Prima fai votare i gonzi, opportunatamente indirizzati da qualche ossessione mediatica in cui si dice che uno dei due tromba il mondo insieme a Putin e che l’altro, sotterrato il suo laptop pieno di schifezze, droga, molestie sessuali, ruberie, è l’ottimo rampollo di un presidente che non si è mai accorto di niente (anche perché il figliolo lo confondeva con ottimi affari cinesi e ucraini).
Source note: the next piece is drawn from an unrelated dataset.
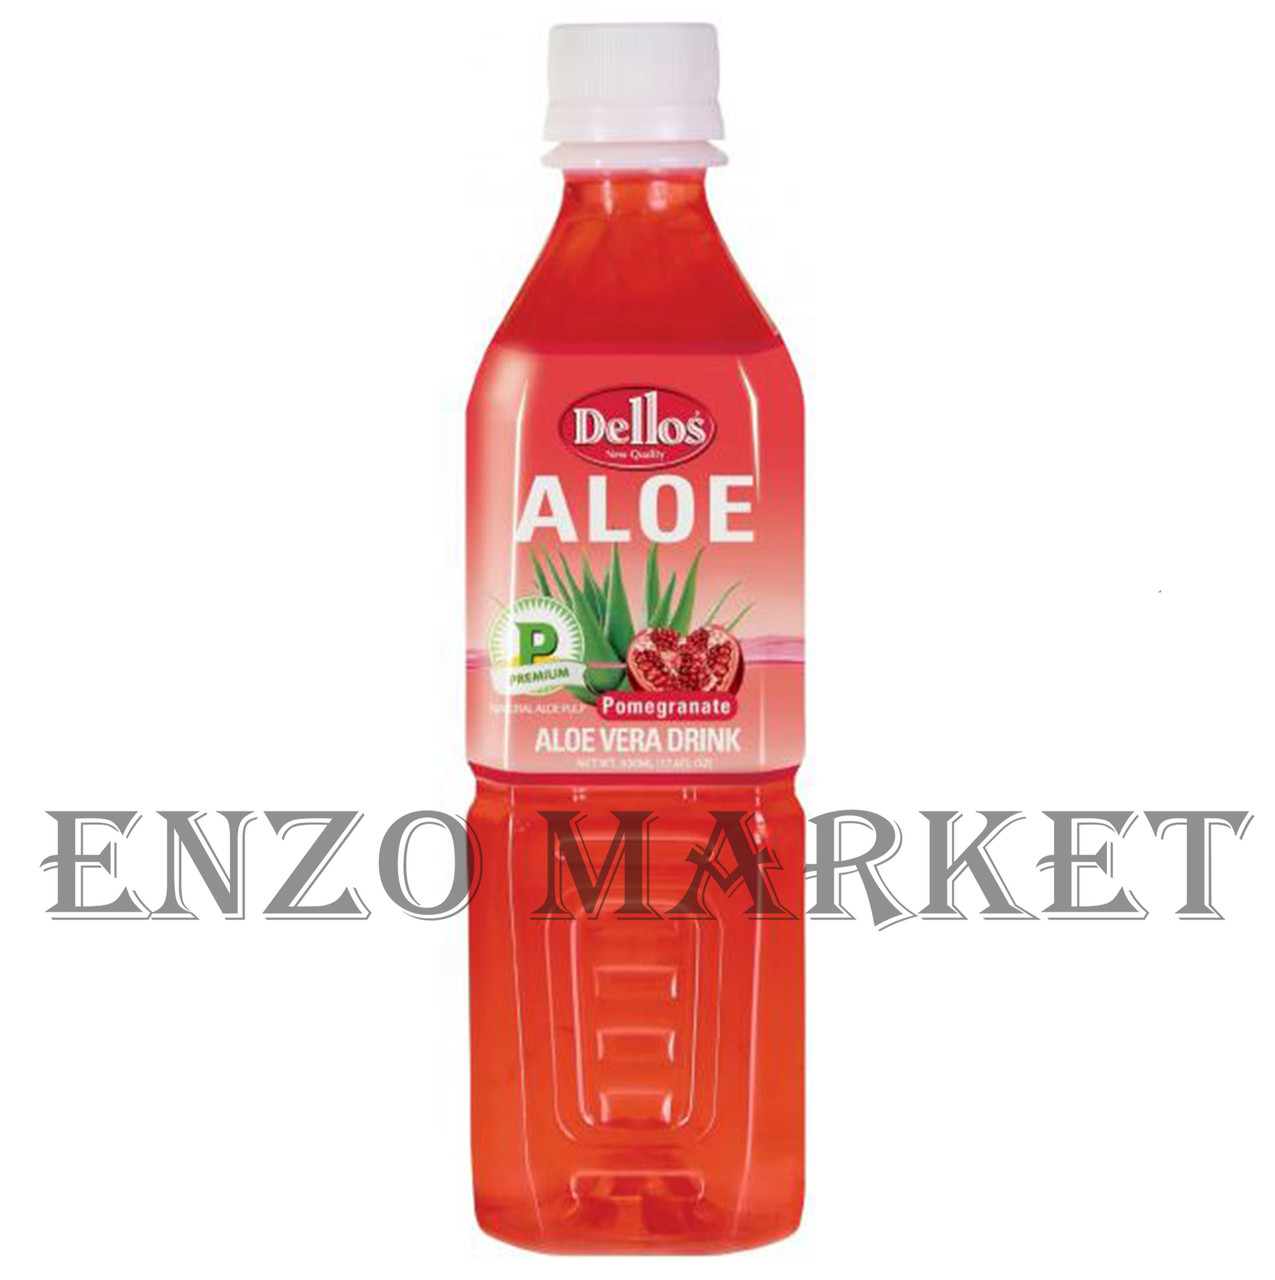 Напиток Aloe Vera Drink Pomegranatel Dellos (алоэ+гранат), 0,5 литра

Sono cose che contano nel voto, mica il fatto che ti ritrovi tra alcuni milioni di espulsi in bidonville di roulotte fuori città, come a Lagos Nigeria, perché da Detroit al Kansas, in cambio dei missili per Zelensky, il costo dell’affitto e di tutto il resto è diventato troppo alto.

Fatti votare quelli così illuminati da New York Times, CNN, FBI e Obama, li metti da parte. Non contano molto, qualsiasi cosa abbiano potuto scegliere tra blackout notturni e vagonate di voti postali mai certificati, che arrivano giorni dopo, quando si tratta di rettificare quanto uscito dalle urne e dai logaritmi degli Hightech fidati  A questo punto arrivano i Grandi Elettori, 538, eletti anni prima nei vari Stati e, facendo delle schede del minuto popolo coriandoli con cui rallegrare quello stesso popolo, decidono loro chi debba essere presidente.

Nel 2000 in Florida tra Bush e Al Gore se la si giocava per alcune decine di voti. Ma un riconteggio avrebbe potuto definire l’esito. Non lo fecero, non avrebbe prodotto l’esito giusto. Si rivolsero ai Grandi Elettori e si accapigliarono su chi ne avesse incamerato uno di più. Alla fine la Corte Suprema, con la maggioranza di giudici nominata da una delle due parti, decise, lei, chi avesse vinto. Optarono per Bush il minore. La maggior parte di quei giudici li aveva nominati il papà.

I nostri affidabilissimi Federico Rampini e Paolo Mieli giurano che quella è la più grande democrazia del mondo. E chi siamo noi per obiettare?